Of course, not all networks come with added complications.
The provider in question was part of the network MedRisk, which is responsible for issuing payment and the EOR. For that reason, Broadspire forwards the provider’s bills to MedRisk. Unfortunately, the bills in question never made it to MedRisk, which MedRisk representatives confirmed.
Broadspire’s claims adjuster confirmed that the provider in question should send bills directly to MedRisk. But neither MedRisk nor Broadspire bothered to communicate this information to the provider, which led to the current debacle.

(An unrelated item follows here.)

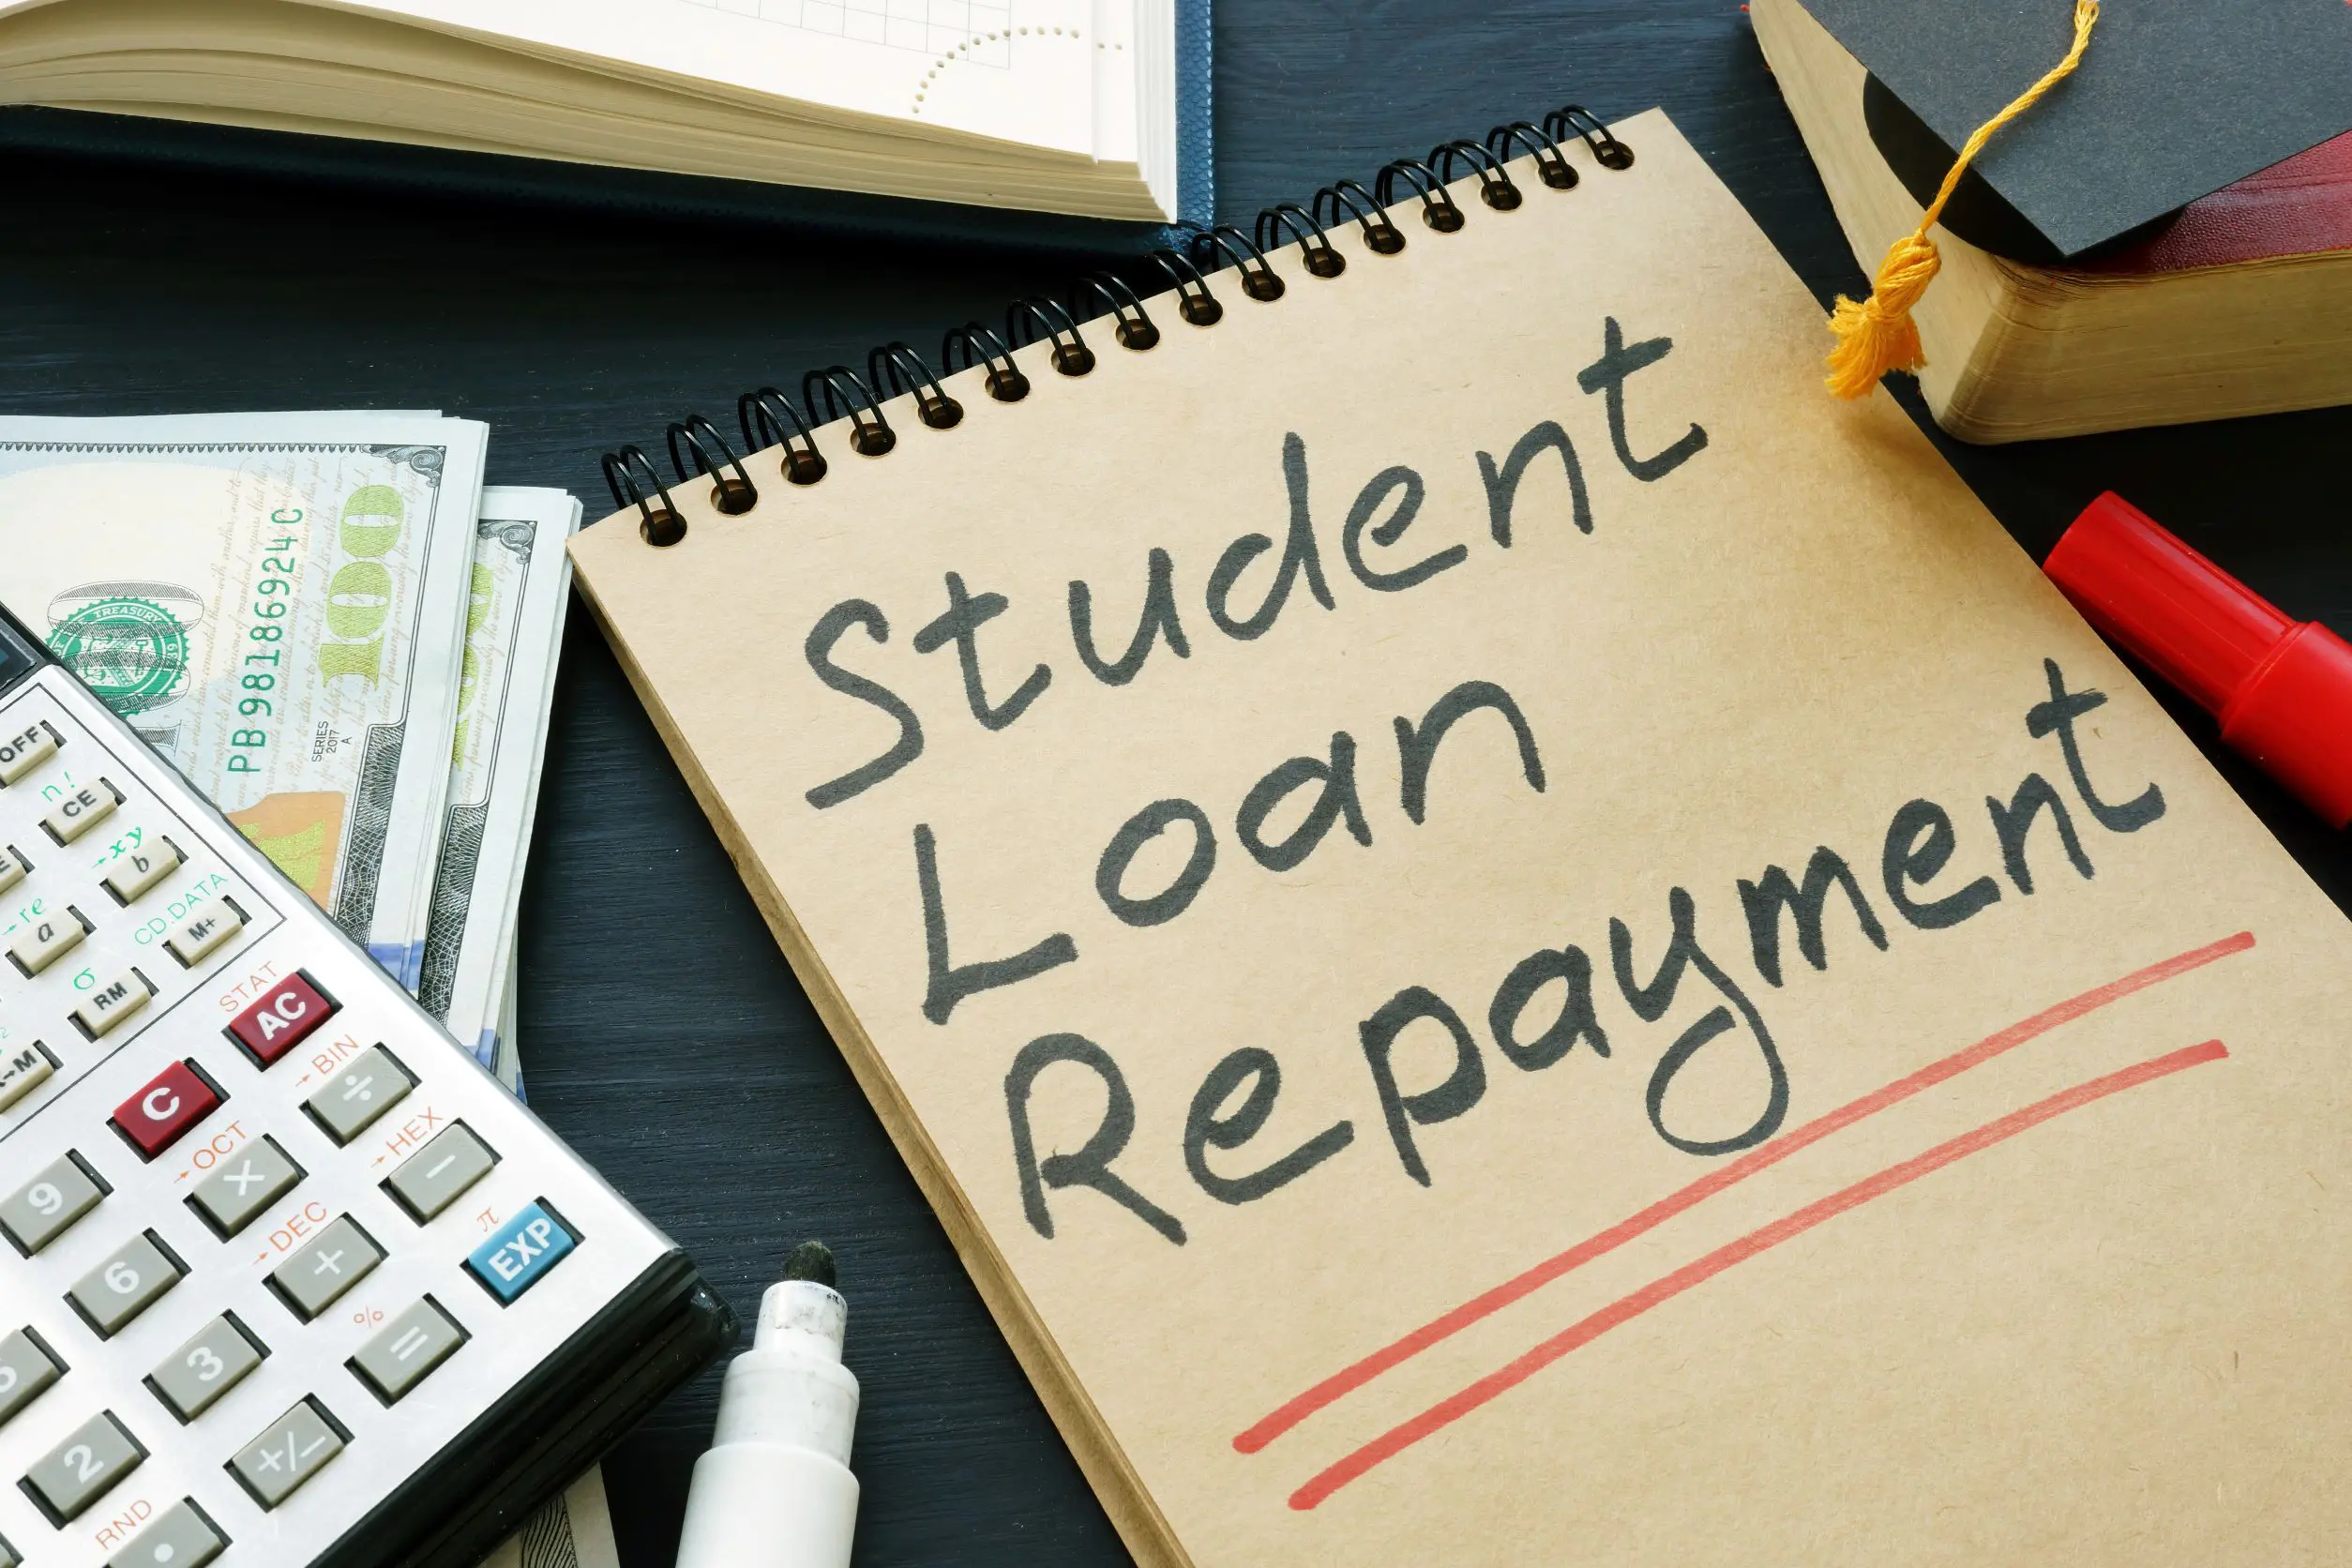 showing the image of Top 10 Private student loan repayment assistance programs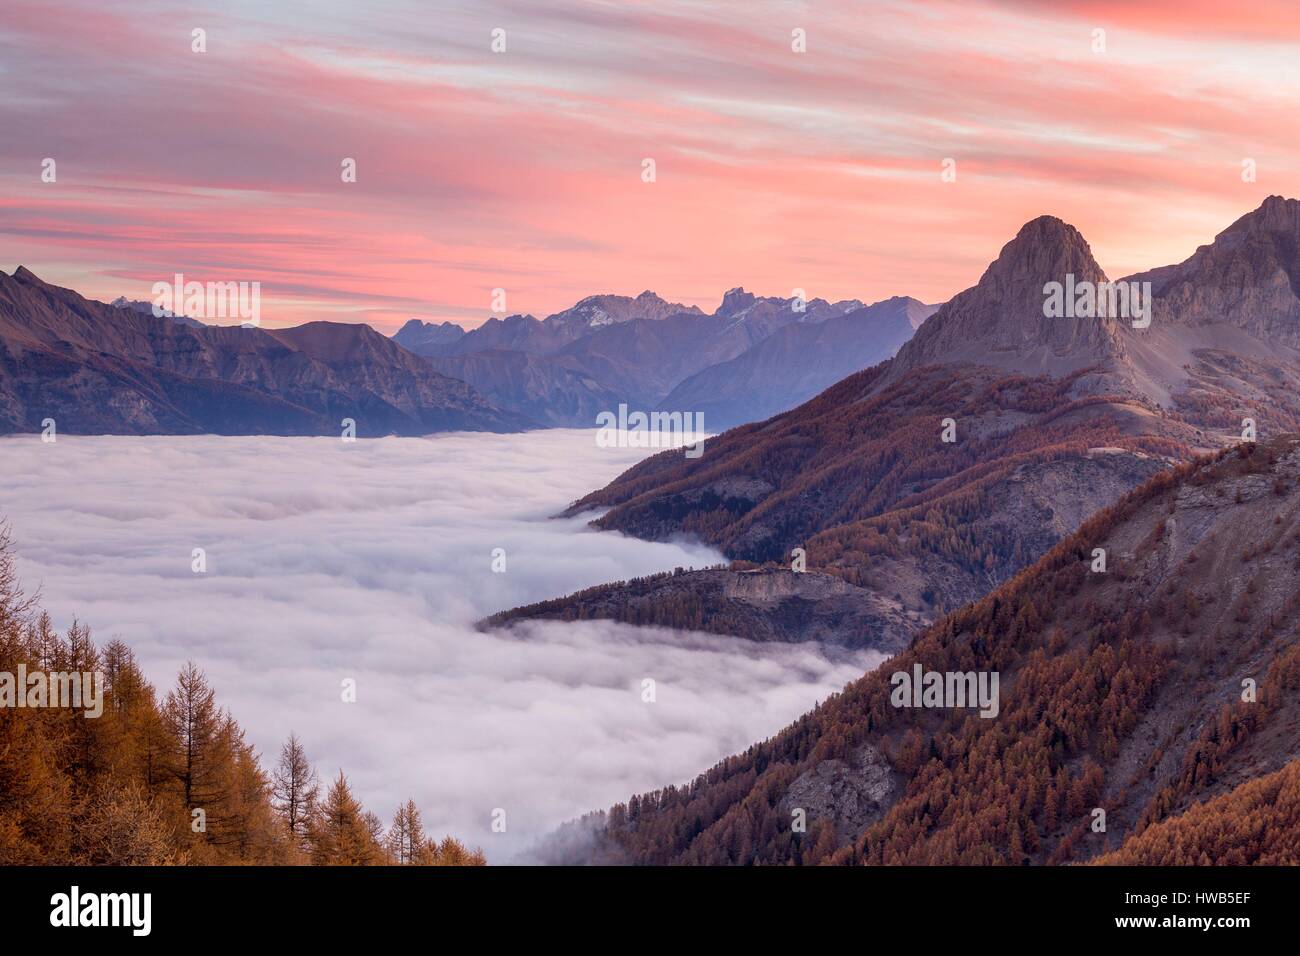 France, Alpes de Haute-Provence, national park of Mercantour, fog morning over the valley of Barcelonnette, to the right the summit of the Pain de Sucre (2560m) Stock Photo

In theory, it shouldn’t be that difficult for Broadspire to electronically transmit bills to MedRisk. An electronic route of the kind DaisyBill maintains with countless payors is all it takes. This way, Broadspire can get bills where they need to go, rather than issuing generic denials that baffle the provider.
Whatever portion of the blame we assign to Broadspire and MedRisk, respectively, one thing is clear: the added step of passing Broadspire claims through MedRisk resulted in a non-compliant EOR, created pointless friction, delayed payment, and wasted the provider’s time.